Comprendre les montants astronomiques
L’autre jour, j’en parlais avec mon pote Mehdi (gros fan de foot, évidemment). Il m’a dit : « Sérieux, tu crois que tout part direct dans la poche des joueurs ? » Et là, gros doute. Alors j’ai creusé.
Répartition entre la fédération et les joueurs
La fédération nationale encaisse d’abord
Premier point important : l’argent est versé à la fédération nationale (ex : FFF pour la France, AFA pour l’Argentine). Ce n’est pas comme si la FIFA signait des chèques aux Mbappé et Messi du monde, haha.
Ensuite, c’est la fédé qui décide combien va aux joueurs, au staff, et combien reste pour elle. Et là, attention : ça varie d’un pays à l’autre. Certains pays ont des accords béton négociés avec les joueurs avant la compète, d’autres… c’est un peu plus flou.
Les primes aux joueurs
En général, une bonne partie (parfois jusqu’à 50-60 %) est transformée en primes pour les joueurs. Je me rappelle avoir lu que les Bleus champions du monde en 2018 ont touché environ 400000 euros chacun de prime (avant impôts, évidemment…). Mais les joueurs ne gardent pas tout : beaucoup font des dons à des associations, ou partagent avec le staff technique.
Je t’avoue qu’avant de creuser le sujet, je pensais naïvement que tout l’argent était pour les stars sur le terrain. Mais en réalité, il y a tout un écosystème derrière.
Et le reste de l’argent ?
Investissement dans les infrastructures
La fédération ne garde pas le reste juste pour décorer son siège social doré, hein! Une partie sert à financer les centres de formation, les programmes pour les jeunes, ou les terrains locaux. Bon, ça c’est la théorie idéale… parce qu’on sait bien que parfois, selon les pays, la transparence, c’est pas toujours leur fort (je me retiens de citer des noms, mais tu vois de qui je parle!).

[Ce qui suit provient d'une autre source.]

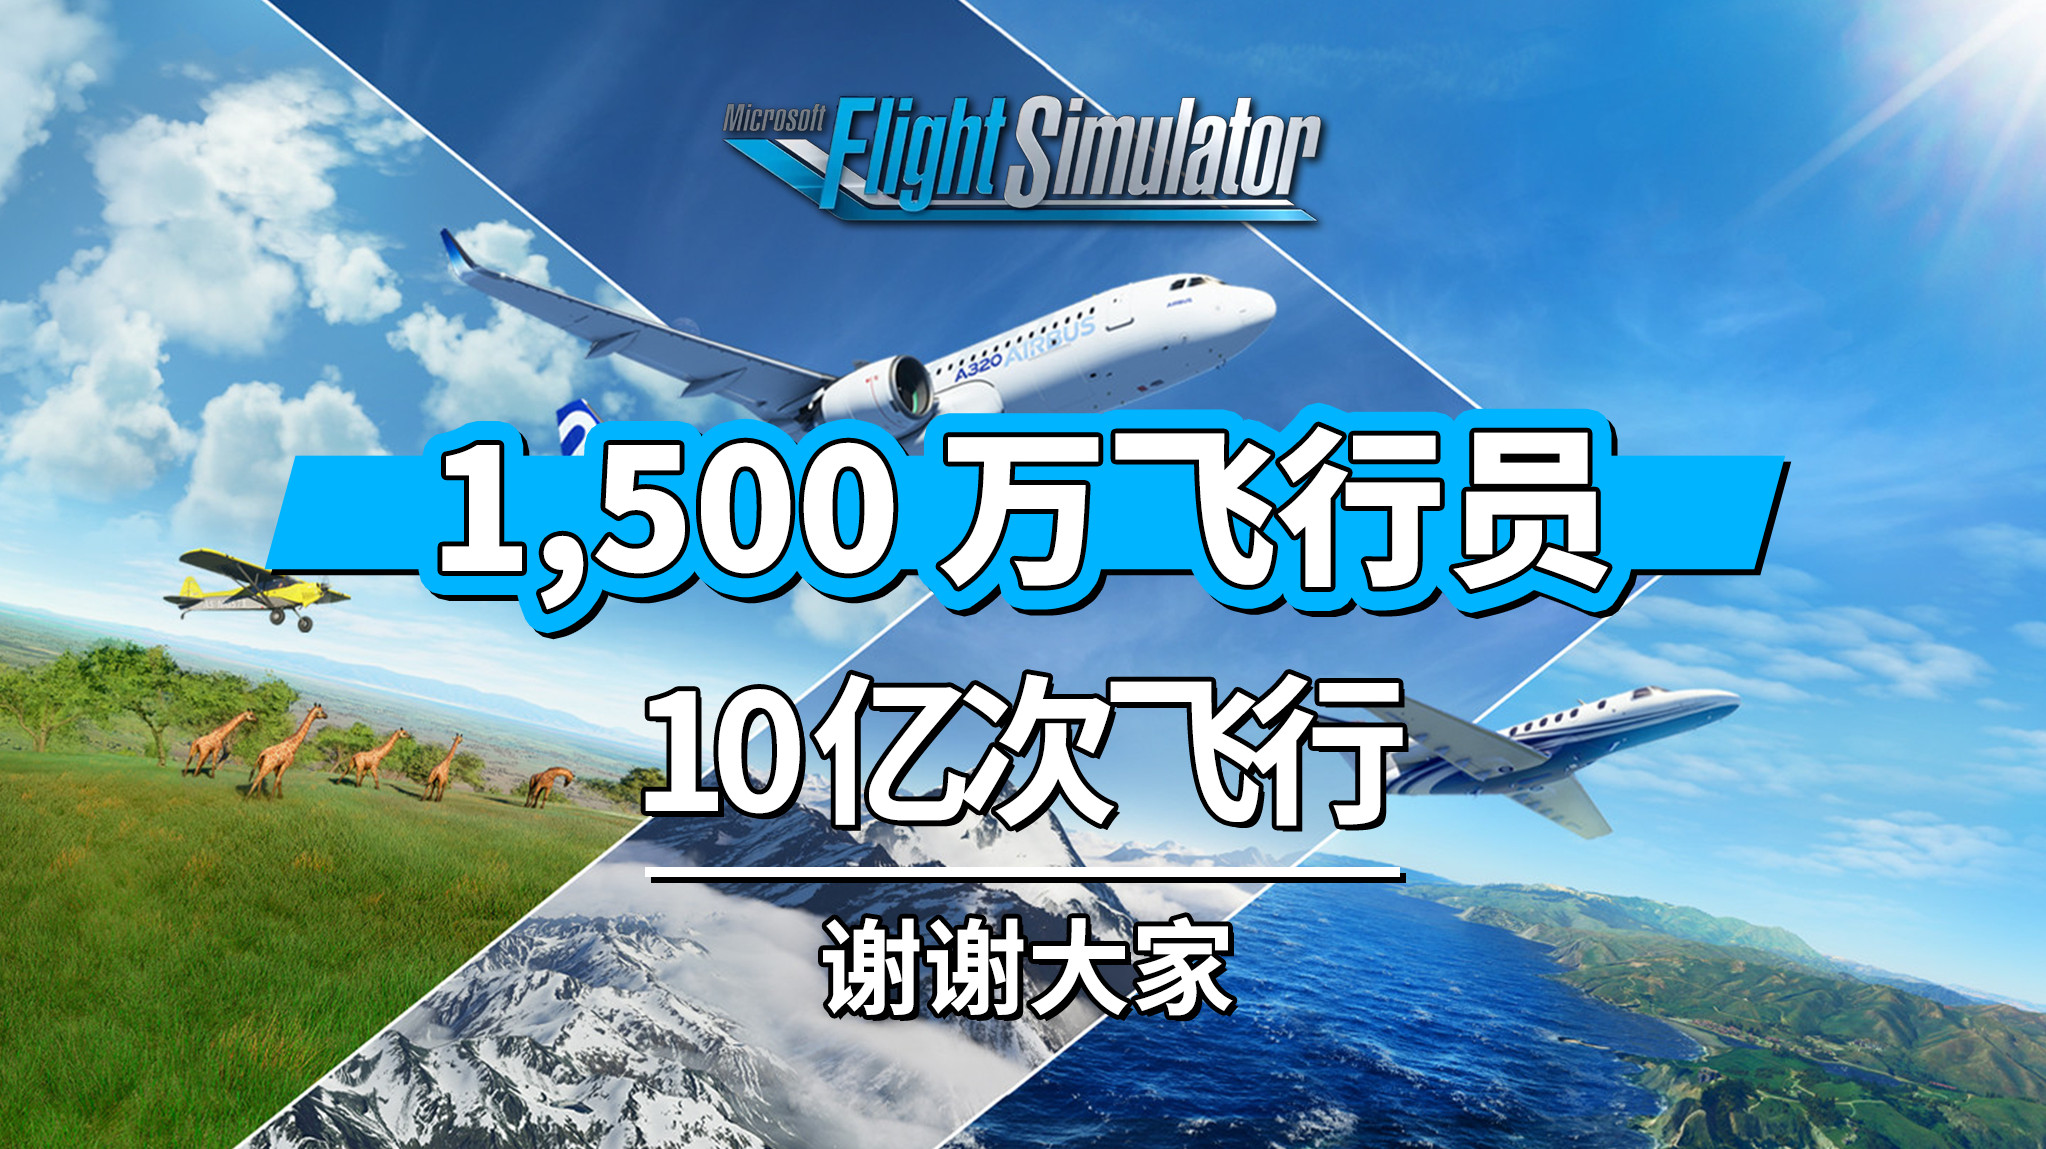 《微软飞行模拟》游戏玩家超过1500万

Bonus pour le staff et les accompagnateurs
Eh oui, derrière les joueurs, il y a les entraîneurs, les kinés, les analystes vidéo, les cuisiniers, les coordinateurs… Et eux aussi reçoivent souvent des bonus. Quand Mehdi a appris ça, il m’a dit : « Mec, je vais changer de métier! » (il plaisantait… à moitié).
Est-ce que ça change selon le pays ?
Oh que oui. Par exemple, en Allemagne, les primes sont souvent fixées à l’avance avec des montants bien précis, tandis qu’en Argentine ou au Brésil, ça peut être plus négocié au feeling. Il y a aussi des différences culturelles : certains joueurs insistent pour reverser une part à des œuvres caritatives (ce qui est super beau, honnêtement), tandis que d’autres gardent tout.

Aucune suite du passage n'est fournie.